What is Pandas?

One of the best options for working with tabular data in Python is to use the Python Data Analysis Library (a.k.a. Pandas). The Pandas library provides data structures, produces high quality plots with matplotlib and integrates nicely with other libraries that use NumPy arrays.

Like NumPy, Pandas introduces some new data types to our Python word, the most important of which is the DataFrame.

Briefly, a DataFrame is a 2-dimensional data structure that can store data of different types (including characters, integers, floating point values, factors and more) in columns. It is similar to a spreadsheet or an SQL table or the data.frame in R. A DataFrame always has an index (0-based). An index refers to the position of an element in the data structure.

Once we load our data into a DataFrame, pandas gives a host of analytical capabilities with the data. Among these are:

  • subset/select/query specific rows and or columns of data
  • handling missing data
  • grouping/aggregating data
  • sorting, transforming, pivoting, and "melting" data
  • computing descriptive and summary stats
  • combining data in different DataFrames
  • plotting data

In short, Pandas and its DataFrame object is essentially a one-stop for anything data.

Learning by Diving In!

Here in this notebook, we'll dive in with some examples and then explain what's going on. The highlights here include:

  • Creating DataFrames programmatically and then by reading in data; and in doing so reviewing the structure and key elements of a DataFrame
  • Examining key properties and methods of a DataFrame that quickly reveal information about our DataFrame: the number of rows and columns, what types of data it stores, quick summary statistics, etc.
  • Summarizing the data in a DataFrame, including how to quickly count and list unique items in a column.
  • Examining the various ways to handle missing data in a DataFrame
  • Grouping data
  • Subsetting observations (rows) and variables (columns)

It all starts by importing the package...


In [1]:
#Import the package
import pandas as pd

The DataFrame

We'll begin by exploring the key elements of the DataFrame object. Some notions are self evident, i.e., data are stored in rows and columns, much like a spreadsheet. Others are more nuanced: implicit and explicit indices, tables vs. views, and some others.

Let's begin examining the components of DataFrames by examining two ways they can be created.

DataFrame as a list of lists

First, a DataFrame can be considered as a list of lists. Below we see an example where we have 4 sub-lists, each containing 3 items (e.g. the first list ['Joe',22,& True]). Each of these 4 sub-lists comprises a row in the resulting DataFrame, and each item in a given list becomes a column.


In [52]:
#Creating a simple data frame as a list of lists
df = pd.DataFrame([['Joe',22,True],['Bob',25,False],['Sue',28,False],['Ken',24,True]],
                  index = [10,20,40,30],
                  columns = ['Name','Age','IsStudent']
                 )
#Display the resulting data frame
df


Out[52]:
Name Age IsStudent
10 Joe 22 True
20 Bob 25 False
40 Sue 28 False
30 Ken 24 True

A few key points here:

  • First is that each of the sub-lists has the same number of elements (3) and the same data types as the other sub-lists. Otherwise we'd end up with missing data or "coerced" data types.
  • Second is that we also explicitly specify and index for the rows (index = [1,2,3,4]). The index allows us to identify a specific row.
  • Likewise, we explicitly set column names with columns = ['Name','Age','IsStudent'], and yes, these allow us to indentify specific columns in our DataFrame.

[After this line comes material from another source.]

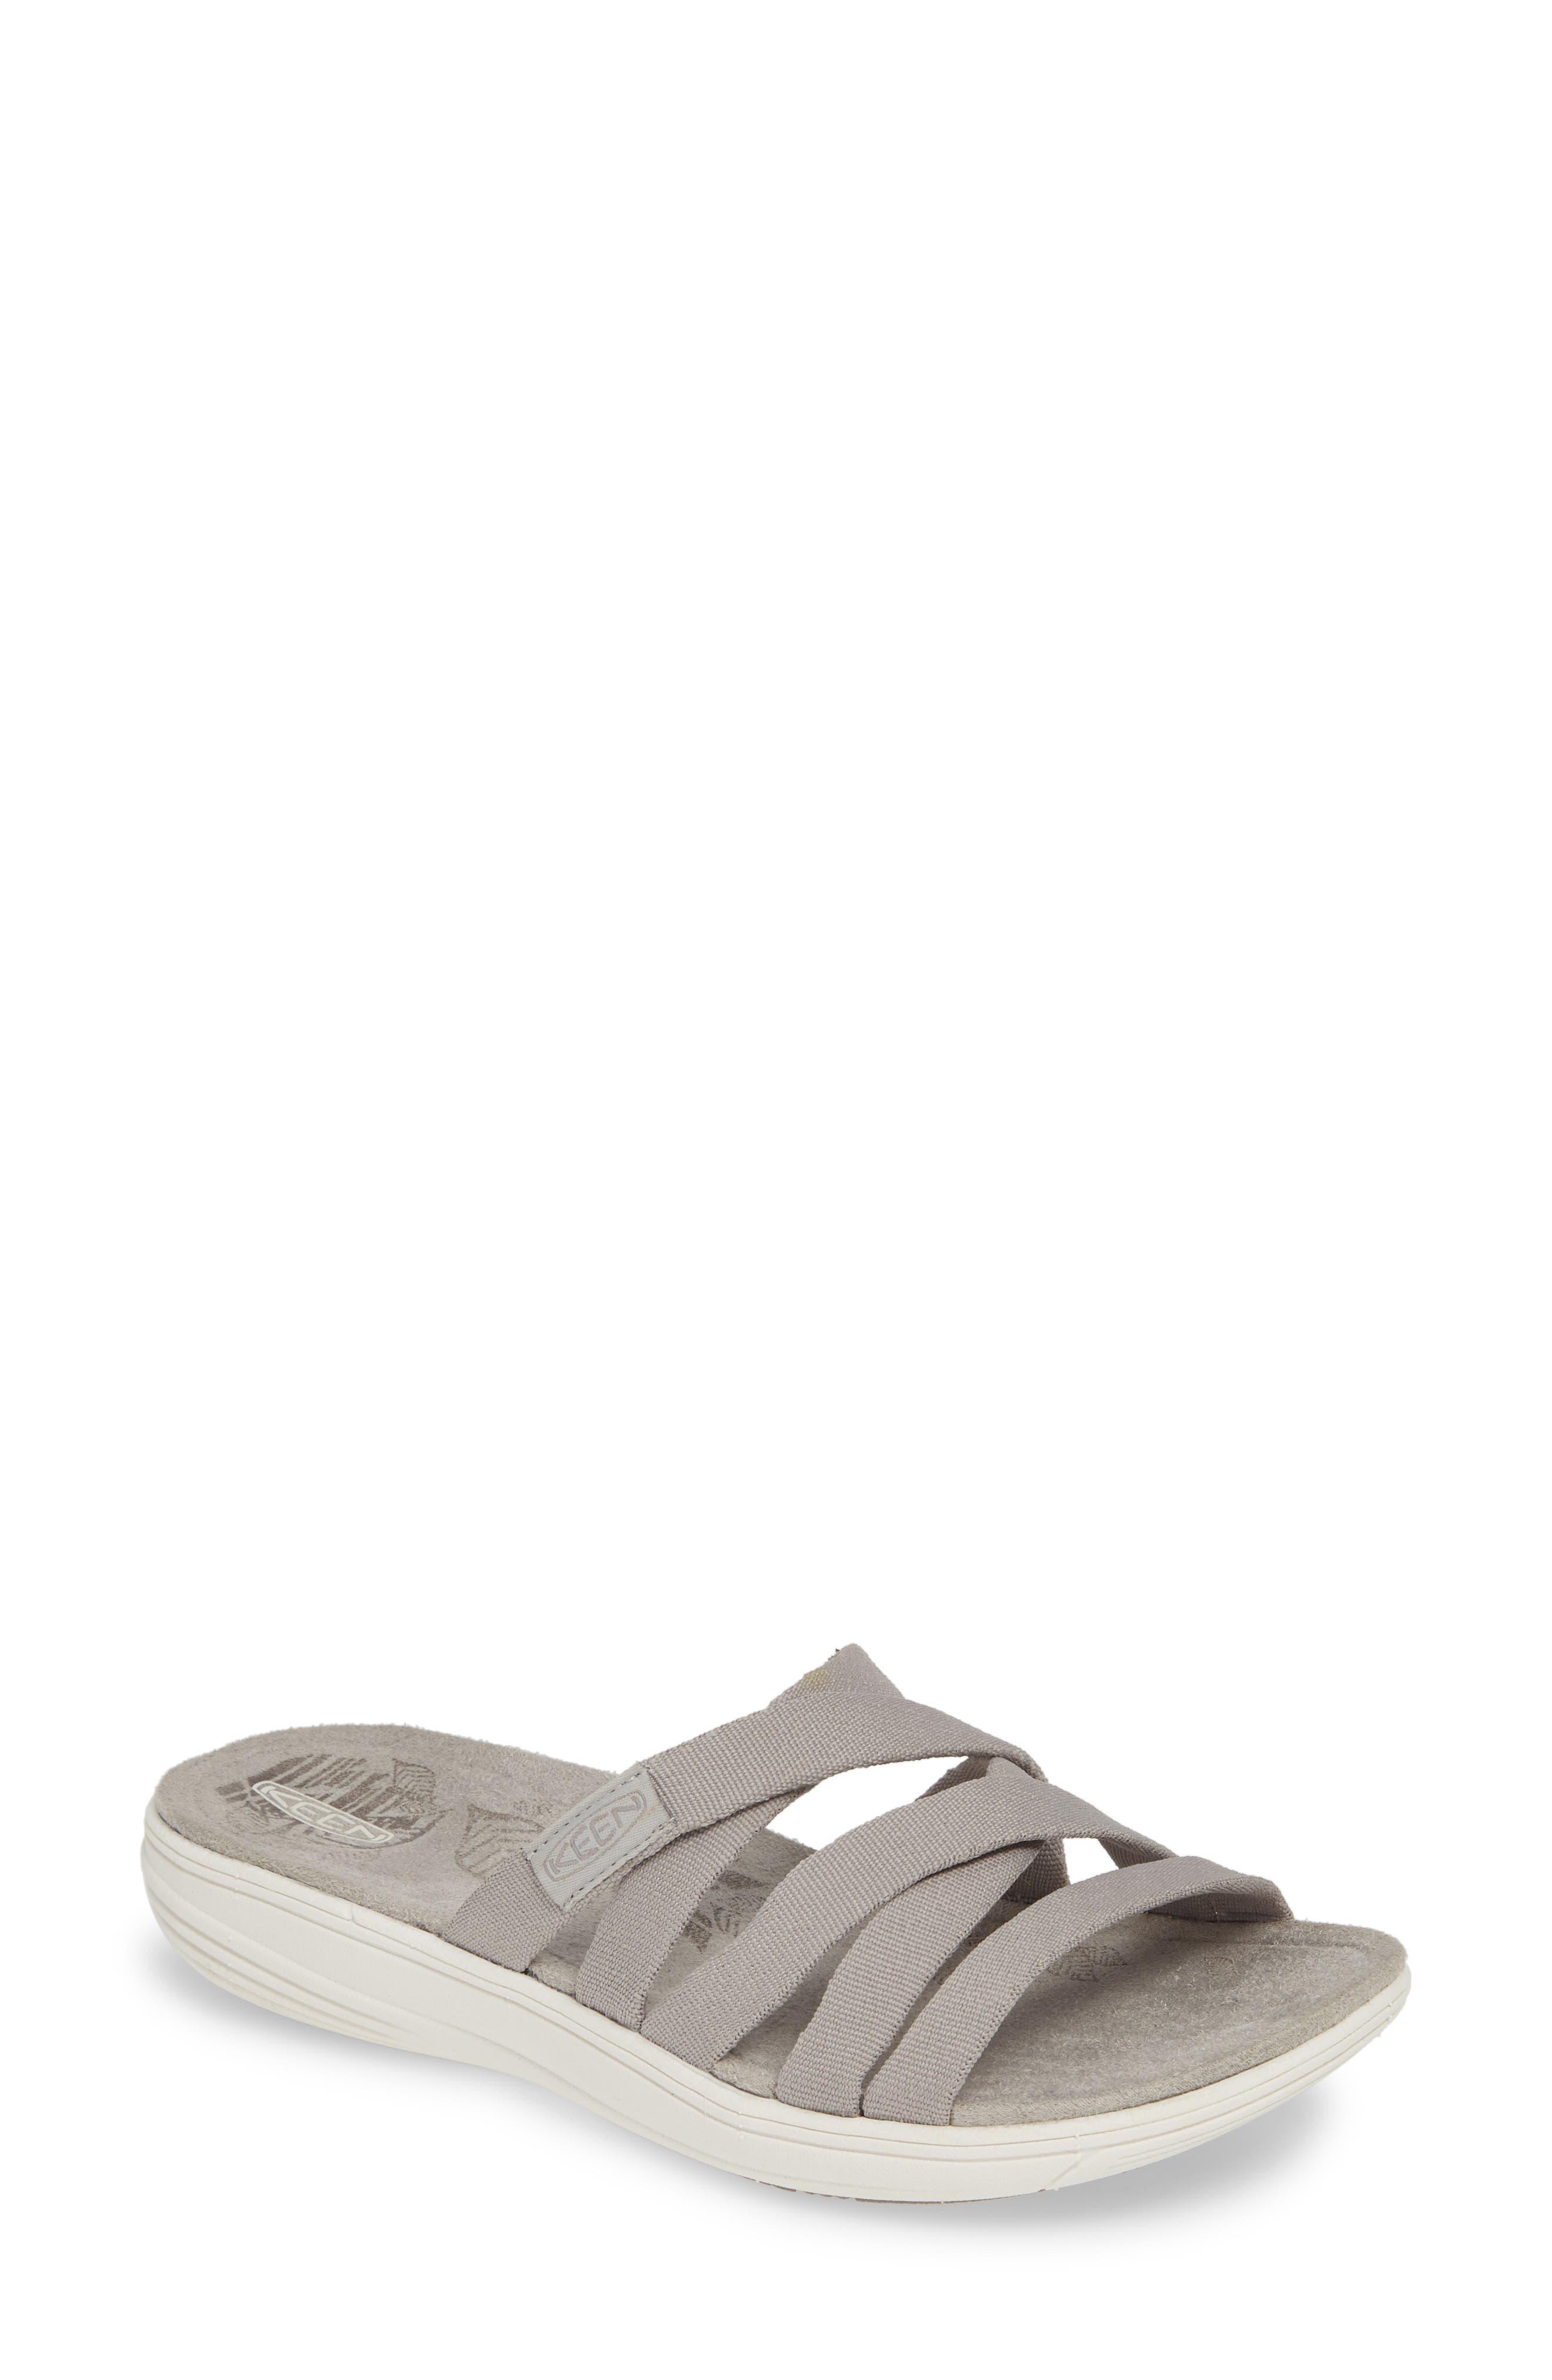 Keen Damaya Slide Sandal, Grey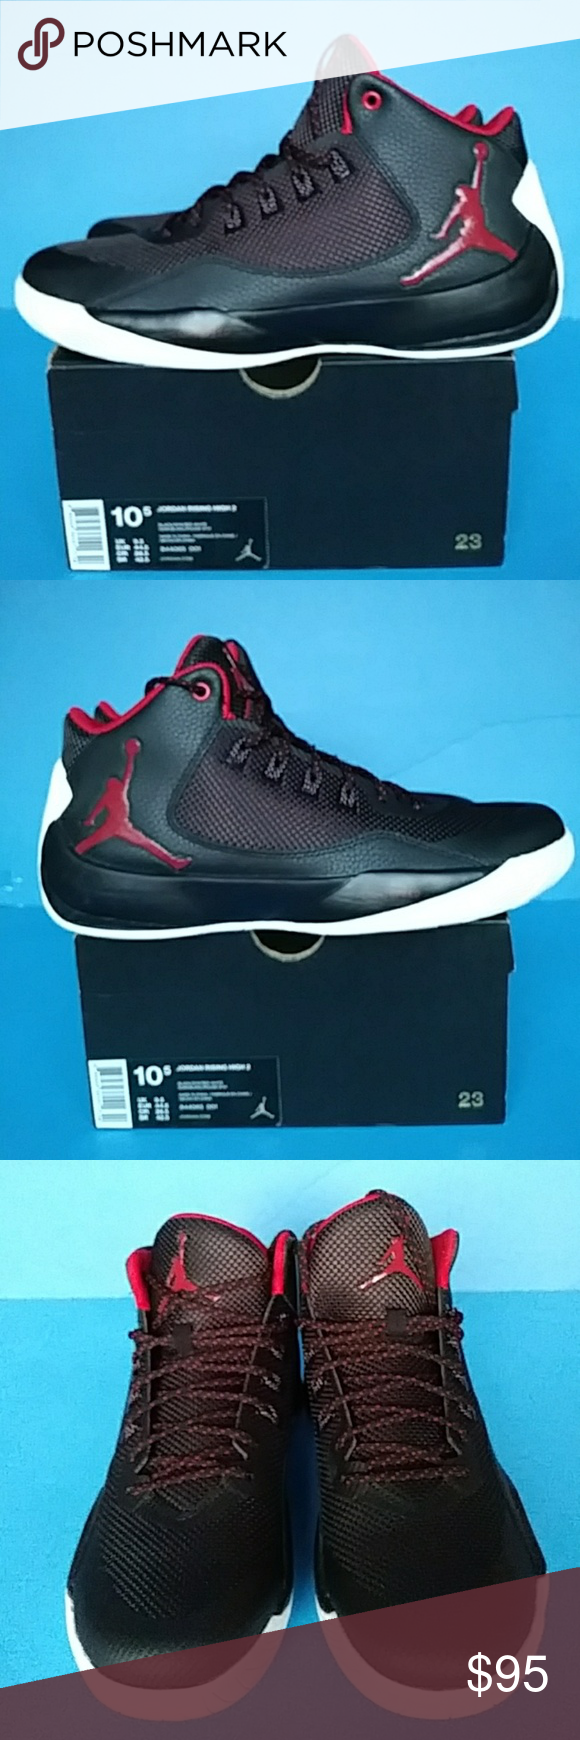 Men's Sneaker Brand Jordan Rising 100 Air Authentic New qFUp4

Data frame as a collection of dictionaries

Another way to build (and think of) a DataFrame as a set of dictionaries where each dictionary is a column of data, with the dictionary's key being the column name and it's value being a list of values:


In [53]:
#Creating a data frame as dictionaries of lists
df = pd.DataFrame({"Name":['Joe','Bob','Sue','Ken'],
                   "Age":[22,25,28,24],
                   "IsStudent":[True,False,False,True]},
                  index = [10,20,40,30]
                 )
df


Out[53]:
Age IsStudent Name
10 22 True Joe
20 25 False Bob
40 28 False Sue
30 24 True Ken

While the order of columns has changed (they are alphabetized), the data are the same as the previous DataFrame even though it was created differently. This is just another way to think of the data underlying a DataFrame.

Of note here is that each dictionary has the same number of elements in it and the order of the elements is important otherwise the values in one dictionary/column would lose its proper correspondence with the other elements.

Eh, so what...

What does this reveal? List of lists vs set of dictionaries? Well, it explains how you can extract elements from the DataFrame. Thinking of a DataFrame as a list of list, getting the value of the 2nd column, 3rd row is equivalent of getting data from the 2nd item in the 3rd list.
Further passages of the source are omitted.